Could it be included in the above FAQ?
sub is_numeric {
use warnings;
my $warned = 0;
local $SIG{__WARN__} = sub { $warned = 1;};
# my $bogus = : To avoid compile-time warning:
# 'Useless use of numeric eq (==) in void context'
my $bogus =
$_[0] == 0;
return ($warned) ? 0 : 1;
}
Any more elegant solutions to the need for "my $bogus"? If run with
perl -w it yields a (compile-time?) warning otherwise..
The POSIX::strtod behaves like C's strtod as documented, but
apparently, that is not what the operators above use internally.

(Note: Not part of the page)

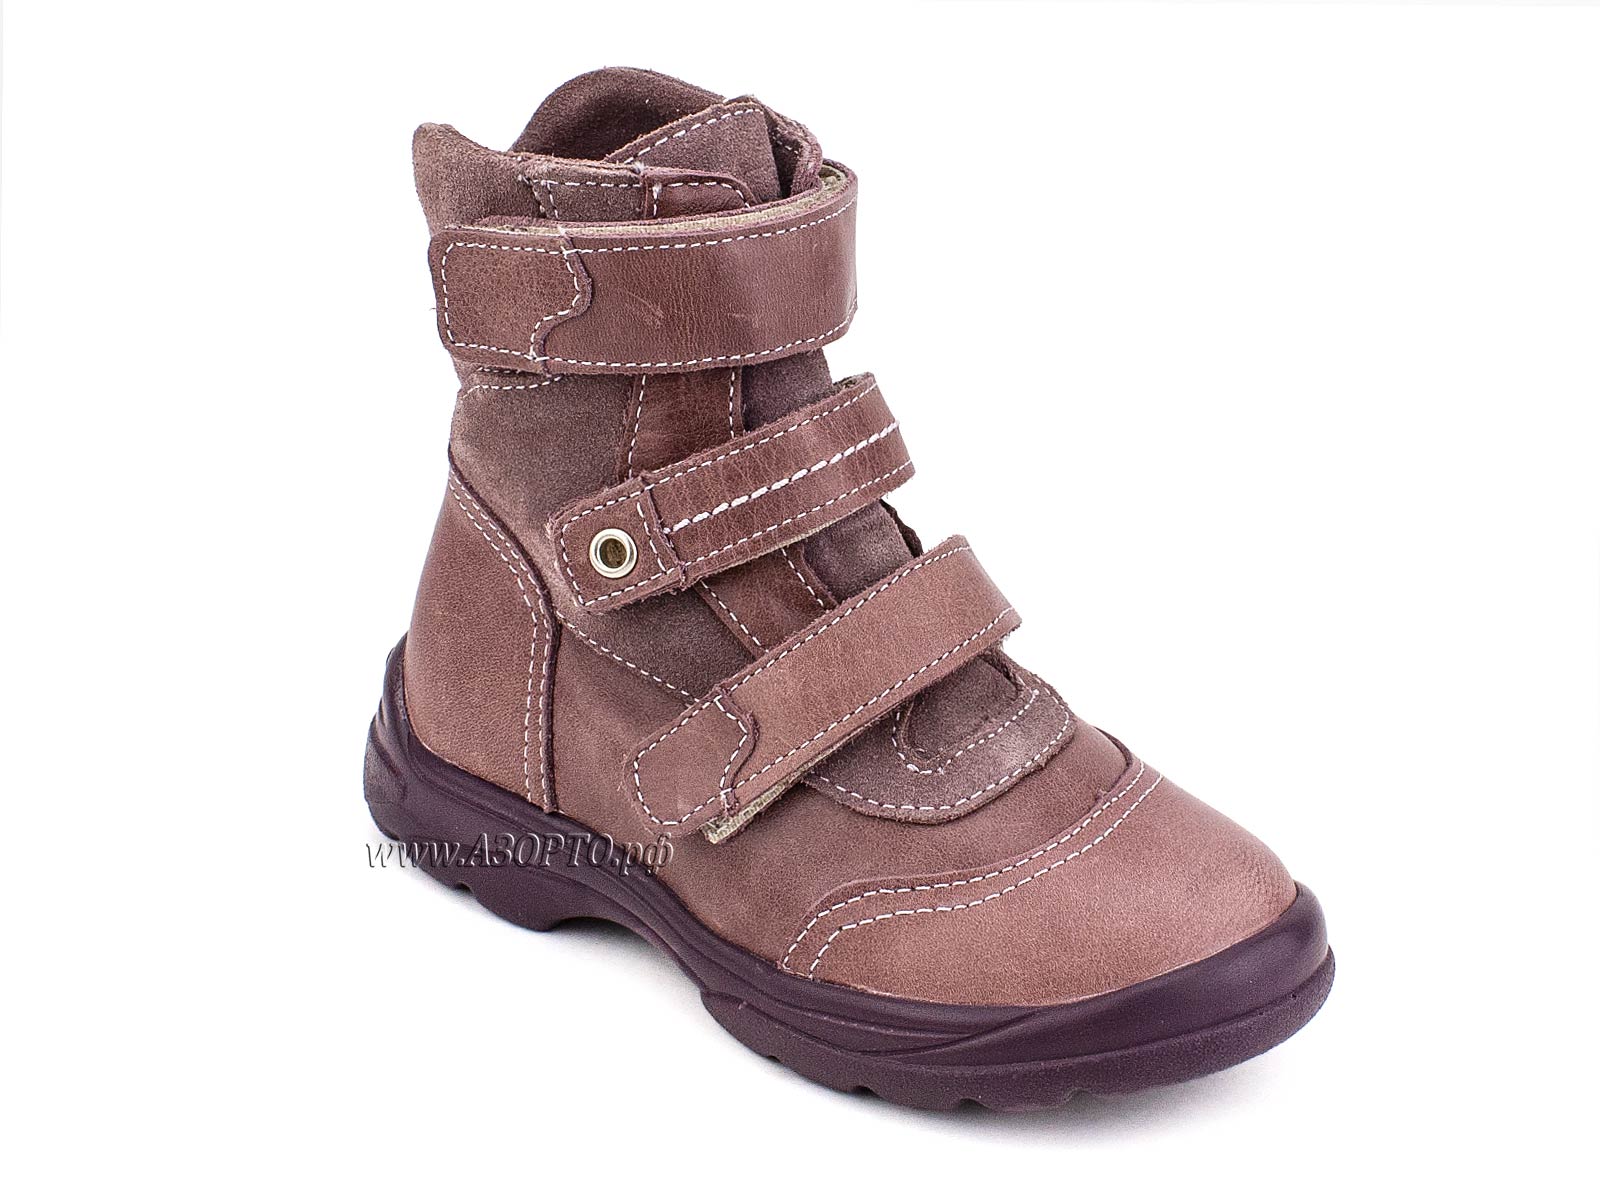 210-217,0159(1) Тотто (Totto), ботинки зимние, ирис, натуральный мех, кожа.

Working around quirks like that makes for error prone code, and I'd
like to avoid that...
Peter
--------------- Code that issues warnings ---------------------
#!/usr/bin/perl
use warnings;
sub getnum {
use POSIX qw(strtod);
my $str = shift;
$str =~ s/^\s+//;
$str =~ s/\s+$//;
$! = 0;
# Uncommenting this line makes it work, but I don't
# know what other similar input that would trigger the same
# bug...
# return undef if ($str =~ /^nan$/i);
my($num, $unparsed) = strtod($str);
if (($str eq '') || ($unparsed != 0) || $!) {
return undef;
} else {
return $num;
}
}
sub is_numeric { defined getnum($_[0]) }
my $val = 'nan';
# ALL of the below yeild warnings.
# If they are all enabled, only the first one yields a warning...
if (is_numeric($val)) {
# printf "%s %d\n", $val, $val;
# printf "%d\n", $val +2;
# printf "%d %s\n", $val, ($val==0) ? "Y" : "N" ;
# printf "%.2f\n", $val;
print "Higher?" . ($val <=> 0) ? "Y" : "N";
}
Just return $warned (same thing).
> }
>
> Any more elegant solutions to the need for "my $bogus"? If run with
> perl -w it yields a (compile-time?) warning otherwise..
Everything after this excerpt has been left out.